На картофельное поле Талька пришла в спортивном костюме, в белых перчатках и в черных лакированных сапожках.

Женя встал на борозду, втайне надеясь, что окажется в паре с Талькой, но верный Мишка Булкин уже присоседился к нему. Талька попала в пару к Игорю. Правда, не сама встала, Людмила Петровна поставила…

Женя отбирал на свою борозду мешки и поедом ел себя за то, что не подошел к Тальке запросто и не предложил встать вместе. "Все это от робости, - думал он. - А если честно - от трусости. А еще честнее - от гордости. Побоялся: вдруг она откажется и тем самым меня унизит… Вот какой я на самом деле. Если разобраться, то, наверно, из-за этого и на танцы не хожу…"

Игорь и Талька уже о чем-то говорят.

Женя отсчитал пятнадцать мешков, сгреб их в охапку и понес на борозду. "Впрочем, нет. Никакой я не гордый и не трусливый. Просто не считаю, что у меня есть какое-то исключительное право на общение с ней".

Между тем Игорь перетащил Булкина к себе на борозду, а Талька со своим ведром перебралась к Жене. Она уже сидела на перевернутом ведре и дожидалась его.

- Ты почему не бережешь руки? - строго спросила она. - Ты ведь художник… Возьми мои перчатки.

Женя бросил мешки и отвел руки за спину, но она поймала его руку и стала натягивать на нее перчатку. Женя не сопротивлялся, он едва дышал, вслушиваясь в ее прикосновения. Перчатки были ему малы; тогда Талька тоже решила работать без перчаток, как все, и, не зная, куда их деть, сунула Жене в карман. Женя, стыдясь самого себя, подумал, что хорошо бы достать их и спрятать за пазуху. Но как это сделать? В шутку - не мог, всерьез - подавно, тайком же - не смел.

Картошка была накопана спозаранок, и все сразу принялись за работу. Женя снисходительно поглядывал на Тальку, но она подбирала картошку так проворно, что скоро они опередили всех.

- Посмотрела бы мамочка на свою вертопрашку! - с гордостью сказала Талька. Потом полушутя-полусерьезно спросила: - А что, могла бы я быть крестьянкой?

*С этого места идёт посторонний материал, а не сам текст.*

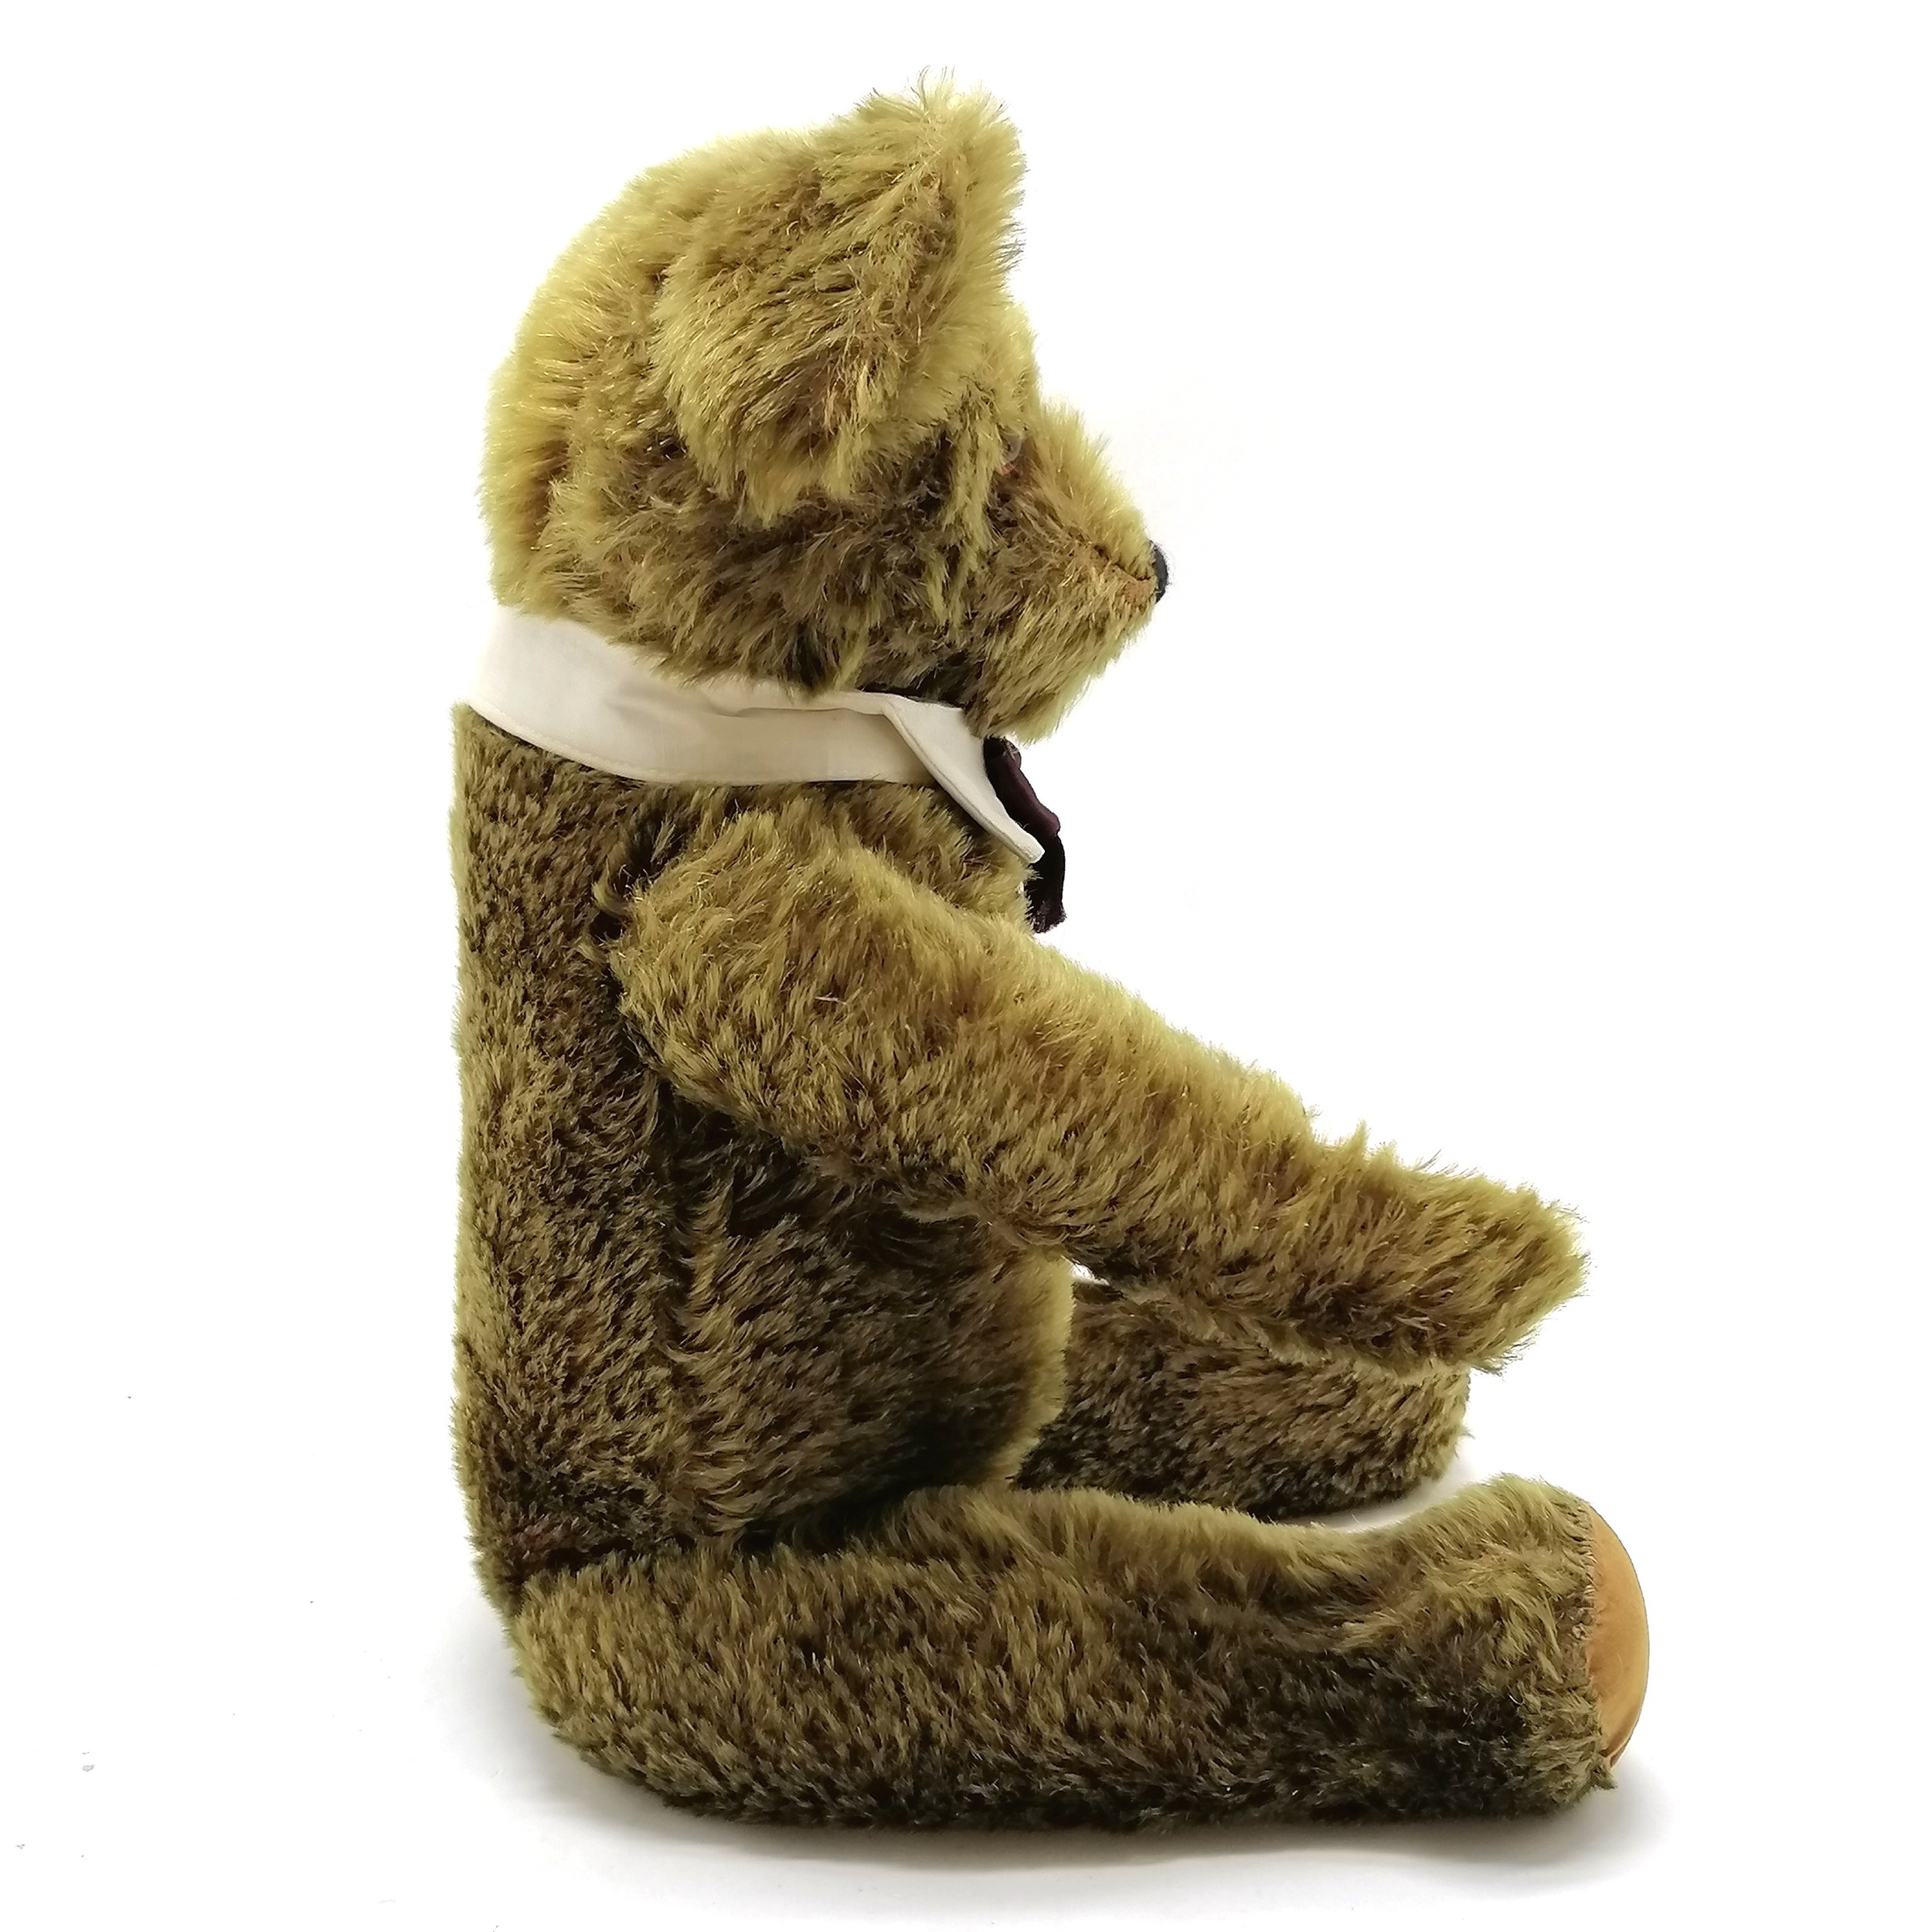 Vintage green mohair jointed Teddy bear 'Knickerbocker' c1940 with glass eyes and stitched nose - Image 3 of 9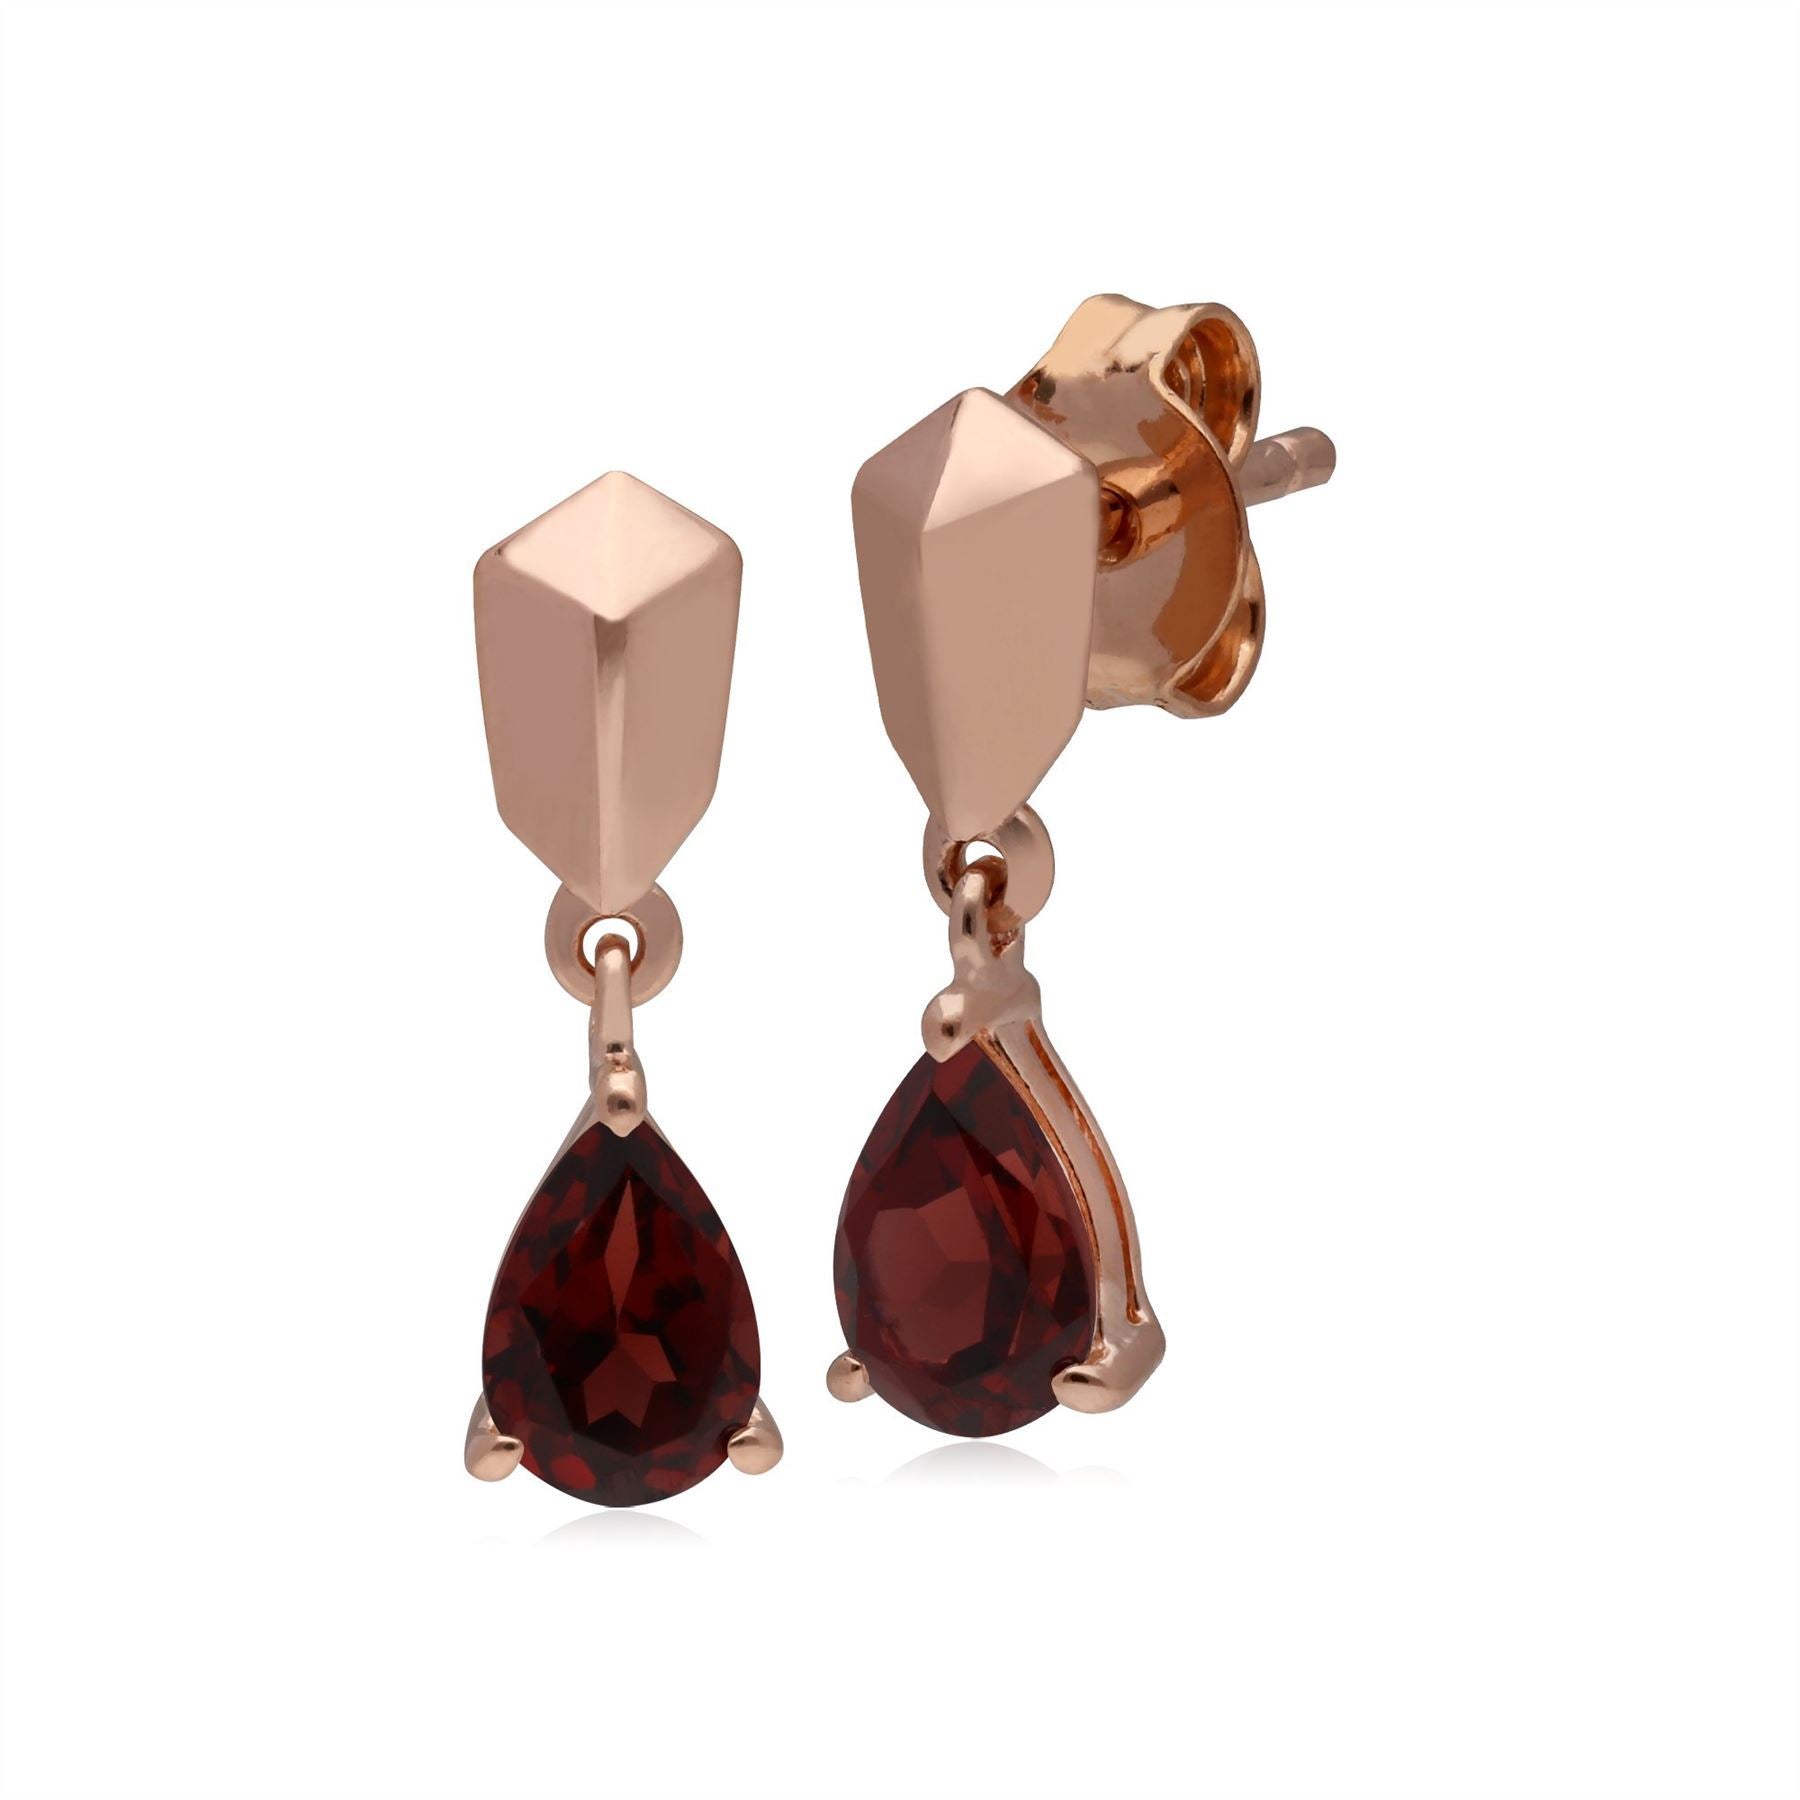 =Micro Statement Garnet Earrings in Rose Gold Plated 925 Sterling

Женя усмехнулся, пожал плечами.

- Нет, наверно, - ответила она самой себе. - Я коров доить не умею.

- Ну, этому я бы тебя научил!

- А ты умеешь?

- Умею. Даже первотелок помогал маме раздаивать.

- А это трудно?

- Да как сказать… После практики не хуже других доить будешь.

Талька задумалась, а Женя вдохновенно говорил, что, если бы ему предложили покинуть родные места и жить в столице, он ни за что не согласился бы. Родимая деревня краше Москвы - так говорят старые люди. В Москве тесно, а тут - простор. И люди тут вовсе не серые, как некоторым может казаться. Тут тебе и учителя, и агрономы, и врачи, и инженеры, и экономисты. И даже художник живет. А недавно настоящий поэт из города насовсем сюда переехал, женился, корову завел, поросенка… И артисты тоже наведываются: Воронец выступала, Пуговкин приезжал. И однажды даже космонавт был… Хочешь наукой заниматься - занимайся. Вон директор совхоза докторскую защитил…

Талька фыркнула:

- В космосе летаем, докторские защищаем, а картошку, между прочим, руками собираем.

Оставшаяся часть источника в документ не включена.